Benchmarking Gemma 4 on DGX Spark
/ 8 min read
Table of Contents
The GB10 Grace Blackwell Superchip in NVIDIA’s DGX Spark has one property that matters for LLM inference at this model size: 128GB of unified LPDDR5X memory shared between CPU and GPU, with the GPU accessing the same physical pool as the CPU. When Gemma 4 shipped last week, I ran it through every available inference stack to find out what that hardware advantage actually translates to in practice.
The main finding: model architecture accounts for roughly 8x of the throughput difference. Stack choice is secondary.
The Hardware
The GB10 integrates a 72-core Arm CPU and a Blackwell GPU on a single die, sharing 128GB of unified LPDDR5X memory at ~273 GB/s bandwidth. CPU and GPU access the same physical memory pool, which eliminates the PCIe transfer overhead present in discrete GPU setups.
For LLM inference, the relevant number is memory capacity. The 30B+ parameter range sits in an awkward spot: too large for consumer GPU VRAM, too small to justify full datacenter hardware. At 128GB unified, running these models at full precision is straightforwardly feasible in principle. Gemma 4 31B at BF16 requires ~62GB. The 26B MoE model at FP16 sits around 55GB. Both fit with 66-73GB remaining for KV cache and system overhead.
What I Tested
- Models: Gemma 4 31B (dense) and Gemma 4 26B (Mixture of Experts, ~4B active parameters per token)
- Stacks: llama.cpp, Ollama, vLLM
- Quantizations: FP16 / BF16, Q8_0, Q4_K_M, NVFP4
- Tool: genai-perf 0.0.16, 512 input tokens, 512 output tokens, 5 requests per run
- Concurrency: 1 (single user) and 4 (light multi-user load)
Metrics that matter: output tok/s (generation speed), TTFT p50 (time to first token), ITL p50 (inter-token latency, the “streaming feel”).
For reference: 10-20 tok/s is usable but noticeably slow. 20-40 tok/s feels like comfortable typing speed. 40-80 tok/s is smooth enough that you stop noticing the generation. Above 80 tok/s feels instantaneous.
The Obvious Setup, and Why It Let Me Down
I started with vLLM + Gemma 4 31B at BF16. Makes sense on paper, right? vLLM is the production-standard inference stack.
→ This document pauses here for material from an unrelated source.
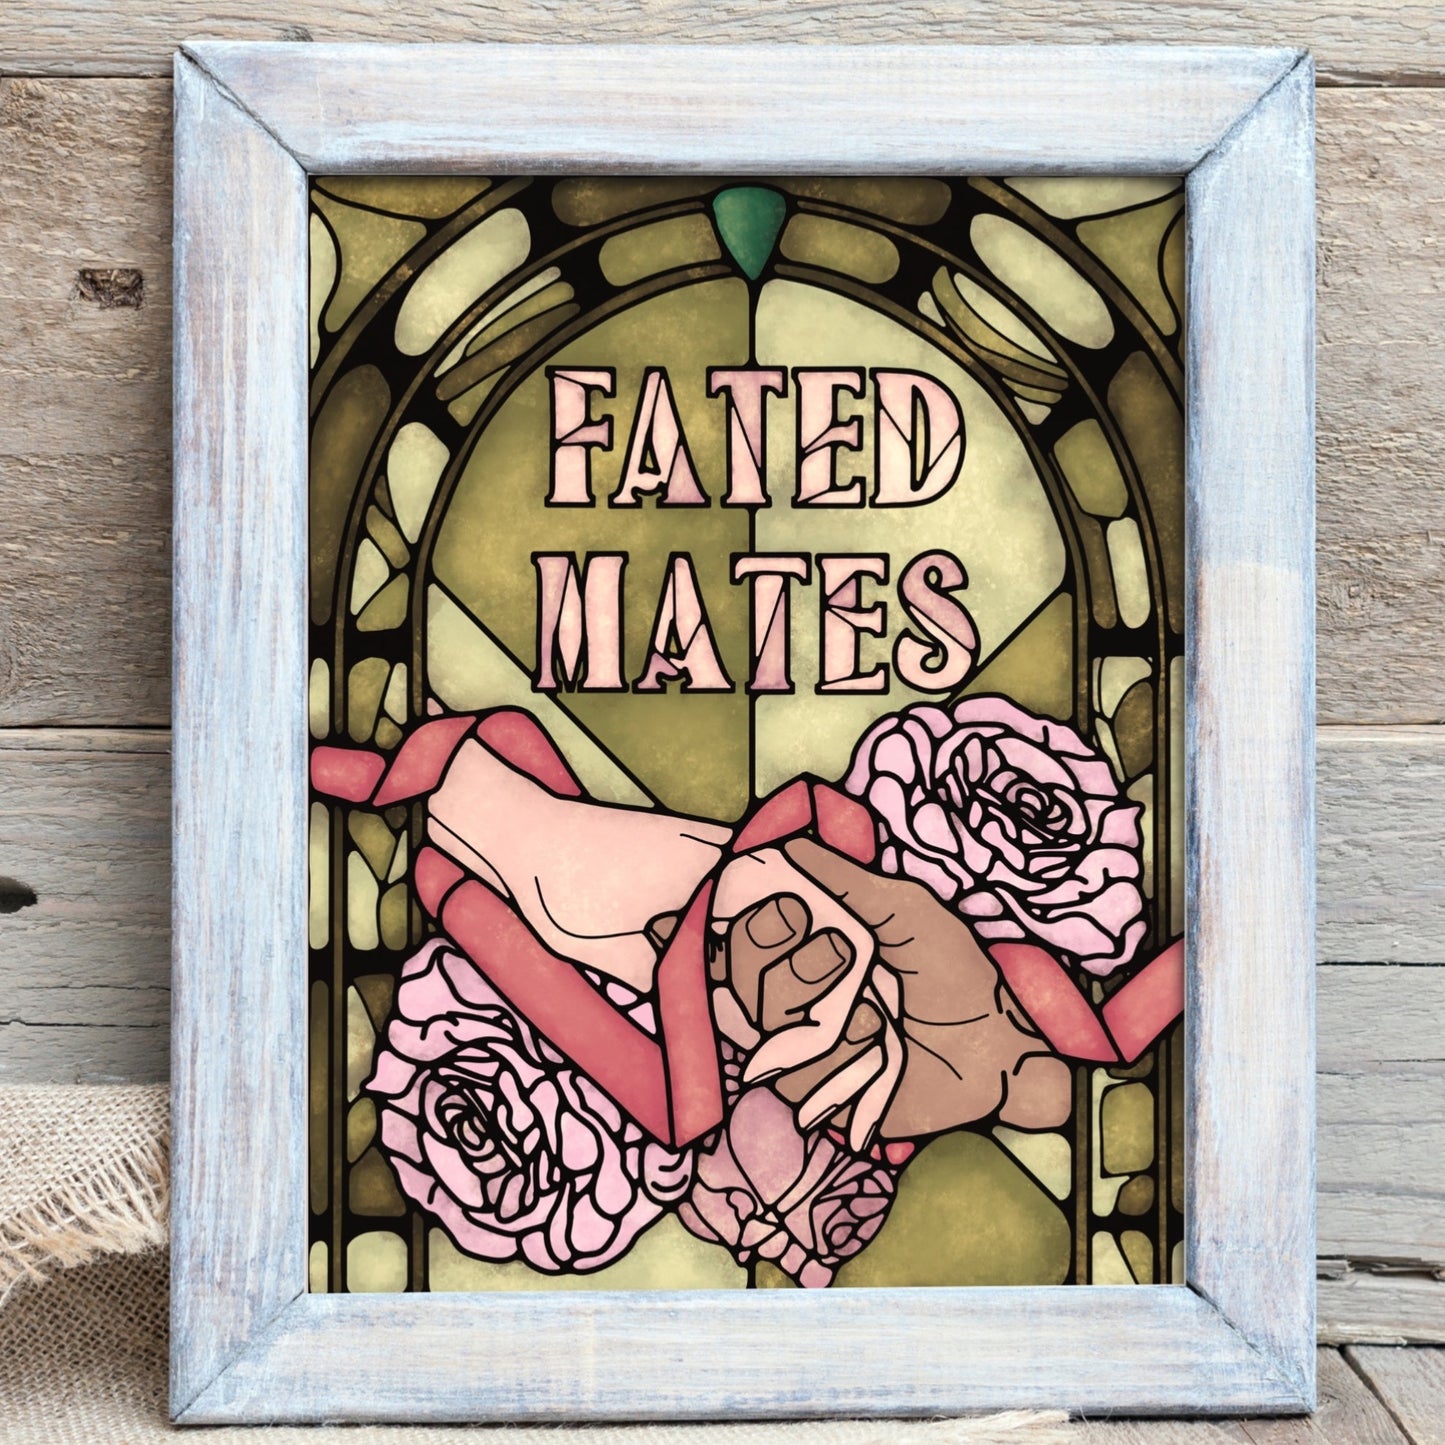 Book Tropes Fated Mates Poster - Bookish Wall Art Stained Glass Style Wall Decor

BF16 keeps full model quality. The hardware can hold it. What could possibly go wrong?
3.51 tok/s at c1.
That’s near reading speed. Technically functional; completely impractical for interactive use.
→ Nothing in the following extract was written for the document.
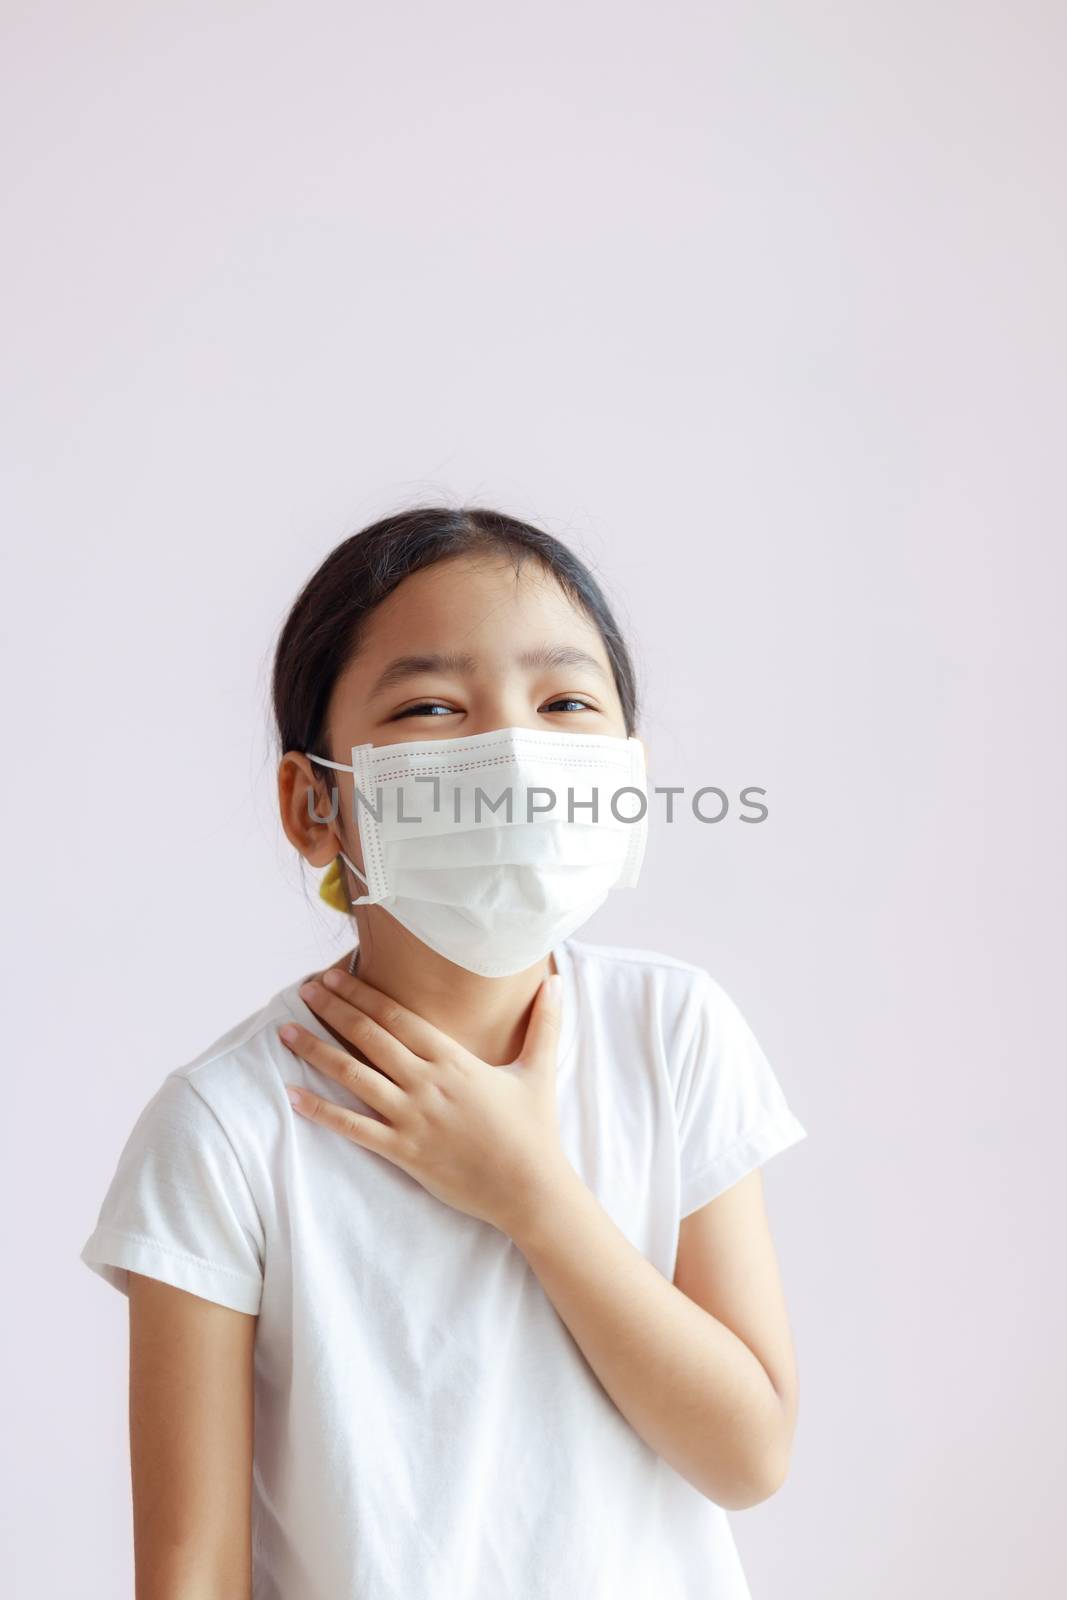 The kid wear a protective medical mask by Nikkikii

Next up: NVFP4 quantization using NVIDIA’s own nvidia/Gemma-4-31B-IT-NVFP4 model, purpose-built for Blackwell tensor cores. This should be the throughput ceiling.
6.34 tok/s. Roughly on par with a mid-range consumer GPU running a 7B model.
Then Ollama on the same dense 31B model: 9.4 tok/s. Marginally usable for single-user chat. The 106ms inter-token latency makes streaming noticeably choppy.
Something was clearly broken with the NVFP4 result specifically. Worth digging into before I wrote off the whole path.
The NVFP4 Dead End
The most plausible explanation I’ve found involves two overlapping software gaps. I haven’t confirmed these by building custom containers from source, so treat this as the best available theory consistent with the error output and container inspection.
First: PyTorch in every available container wasn’t compiled with sm_121-specific kernels. The GB10 GPU is sm_121 (CUDA capability 12.1, the Blackwell microarchitecture). Available containers max out at sm_120 or earlier. So the GPU falls back to Hopper or older codepaths for matrix multiply operations instead of running native Blackwell FP4 tensor core kernels.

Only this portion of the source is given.